Records from a collection:
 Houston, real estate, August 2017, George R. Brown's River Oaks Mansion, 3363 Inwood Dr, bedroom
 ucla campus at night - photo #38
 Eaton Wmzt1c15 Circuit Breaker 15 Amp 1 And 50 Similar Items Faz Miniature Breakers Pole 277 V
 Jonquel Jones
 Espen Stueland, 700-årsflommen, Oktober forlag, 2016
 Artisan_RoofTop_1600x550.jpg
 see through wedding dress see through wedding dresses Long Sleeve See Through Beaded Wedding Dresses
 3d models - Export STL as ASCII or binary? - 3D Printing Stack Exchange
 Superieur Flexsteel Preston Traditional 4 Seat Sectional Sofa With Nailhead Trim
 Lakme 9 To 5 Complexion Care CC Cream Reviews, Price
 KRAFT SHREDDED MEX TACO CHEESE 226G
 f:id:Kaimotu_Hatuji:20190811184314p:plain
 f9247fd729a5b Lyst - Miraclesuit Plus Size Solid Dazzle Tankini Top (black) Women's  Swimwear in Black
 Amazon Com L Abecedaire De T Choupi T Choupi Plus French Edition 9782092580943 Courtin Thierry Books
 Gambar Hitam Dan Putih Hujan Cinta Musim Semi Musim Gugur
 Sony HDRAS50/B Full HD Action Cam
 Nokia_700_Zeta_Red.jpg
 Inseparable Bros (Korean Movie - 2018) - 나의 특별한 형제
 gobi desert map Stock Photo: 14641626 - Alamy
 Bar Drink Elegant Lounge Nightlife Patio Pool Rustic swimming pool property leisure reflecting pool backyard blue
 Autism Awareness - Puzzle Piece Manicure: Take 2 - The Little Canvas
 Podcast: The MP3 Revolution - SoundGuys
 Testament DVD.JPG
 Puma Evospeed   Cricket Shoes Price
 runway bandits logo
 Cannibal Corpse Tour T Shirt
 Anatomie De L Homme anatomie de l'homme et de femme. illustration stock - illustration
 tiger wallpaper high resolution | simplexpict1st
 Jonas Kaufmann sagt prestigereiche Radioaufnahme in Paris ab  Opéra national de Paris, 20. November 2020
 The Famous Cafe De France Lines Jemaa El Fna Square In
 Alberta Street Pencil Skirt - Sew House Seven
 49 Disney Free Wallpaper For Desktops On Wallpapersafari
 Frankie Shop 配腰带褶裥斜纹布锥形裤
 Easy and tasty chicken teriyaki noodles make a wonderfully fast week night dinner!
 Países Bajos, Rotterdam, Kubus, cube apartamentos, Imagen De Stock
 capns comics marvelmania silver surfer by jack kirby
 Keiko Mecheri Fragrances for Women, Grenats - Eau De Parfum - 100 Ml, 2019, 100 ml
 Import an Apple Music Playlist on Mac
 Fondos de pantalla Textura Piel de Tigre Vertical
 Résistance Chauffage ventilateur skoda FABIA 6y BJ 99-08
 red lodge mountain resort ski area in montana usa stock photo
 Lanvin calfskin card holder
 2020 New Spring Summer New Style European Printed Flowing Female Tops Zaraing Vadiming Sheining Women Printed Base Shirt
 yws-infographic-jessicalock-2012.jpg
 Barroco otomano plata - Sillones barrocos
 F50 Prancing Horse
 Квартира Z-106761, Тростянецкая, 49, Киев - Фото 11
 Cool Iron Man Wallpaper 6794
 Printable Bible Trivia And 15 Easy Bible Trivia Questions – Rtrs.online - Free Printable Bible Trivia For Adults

*Aim of the task*
A reply that repeats all the data exactly is required.

*Written response*
 Houston, real estate, August 2017, George R. Brown's River Oaks Mansion, 3363 Inwood Dr, bedroom
 ucla campus at night - photo #38
 Eaton Wmzt1c15 Circuit Breaker 15 Amp 1 And 50 Similar Items Faz Miniature Breakers Pole 277 V
 Jonquel Jones
 Espen Stueland, 700-årsflommen, Oktober forlag, 2016
 Artisan_RoofTop_1600x550.jpg
 see through wedding dress see through wedding dresses Long Sleeve See Through Beaded Wedding Dresses
 3d models - Export STL as ASCII or binary? - 3D Printing Stack Exchange
 Superieur Flexsteel Preston Traditional 4 Seat Sectional Sofa With Nailhead Trim
 Lakme 9 To 5 Complexion Care CC Cream Reviews, Price
 KRAFT SHREDDED MEX TACO CHEESE 226G
 f:id:Kaimotu_Hatuji:20190811184314p:plain
 f9247fd729a5b Lyst - Miraclesuit Plus Size Solid Dazzle Tankini Top (black) Women's  Swimwear in Black
 Amazon Com L Abecedaire De T Choupi T Choupi Plus French Edition 9782092580943 Courtin Thierry Books
 Gambar Hitam Dan Putih Hujan Cinta Musim Semi Musim Gugur
 Sony HDRAS50/B Full HD Action Cam
 Nokia_700_Zeta_Red.jpg
 Inseparable Bros (Korean Movie - 2018) - 나의 특별한 형제
 gobi desert map Stock Photo: 14641626 - Alamy
 Bar Drink Elegant Lounge Nightlife Patio Pool Rustic swimming pool property leisure reflecting pool backyard blue
 Autism Awareness - Puzzle Piece Manicure: Take 2 - The Little Canvas
 Podcast: The MP3 Revolution - SoundGuys
 Testament DVD.JPG
 Puma Evospeed   Cricket Shoes Price
 runway bandits logo
 Cannibal Corpse Tour T Shirt
 Anatomie De L Homme anatomie de l'homme et de femme. illustration stock - illustration
 tiger wallpaper high resolution | simplexpict1st
 Jonas Kaufmann sagt prestigereiche Radioaufnahme in Paris ab  Opéra national de Paris, 20. November 2020
 The Famous Cafe De France Lines Jemaa El Fna Square In
 Alberta Street Pencil Skirt - Sew House Seven
 49 Disney Free Wallpaper For Desktops On Wallpapersafari
 Frankie Shop 配腰带褶裥斜纹布锥形裤
 Easy and tasty chicken teriyaki noodles make a wonderfully fast week night dinner!
 Países Bajos, Rotterdam, Kubus, cube apartamentos, Imagen De Stock
 capns comics marvelmania silver surfer by jack kirby
 Keiko Mecheri Fragrances for Women, Grenats - Eau De Parfum - 100 Ml, 2019, 100 ml
 Import an Apple Music Playlist on Mac
 Fondos de pantalla Textura Piel de Tigre Vertical
 Résistance Chauffage ventilateur skoda FABIA 6y BJ 99-08
 red lodge mountain resort ski area in montana usa stock photo
 Lanvin calfskin card holder
 2020 New Spring Summer New Style European Printed Flowing Female Tops Zaraing Vadiming Sheining Women Printed Base Shirt
 yws-infographic-jessicalock-2012.jpg
 Barroco otomano plata - Sillones barrocos
 F50 Prancing Horse
 Квартира Z-106761, Тростянецкая, 49, Киев - Фото 11
 Cool Iron Man Wallpaper 6794
 Printable Bible Trivia And 15 Easy Bible Trivia Questions – Rtrs.online - Free Printable Bible Trivia For Adults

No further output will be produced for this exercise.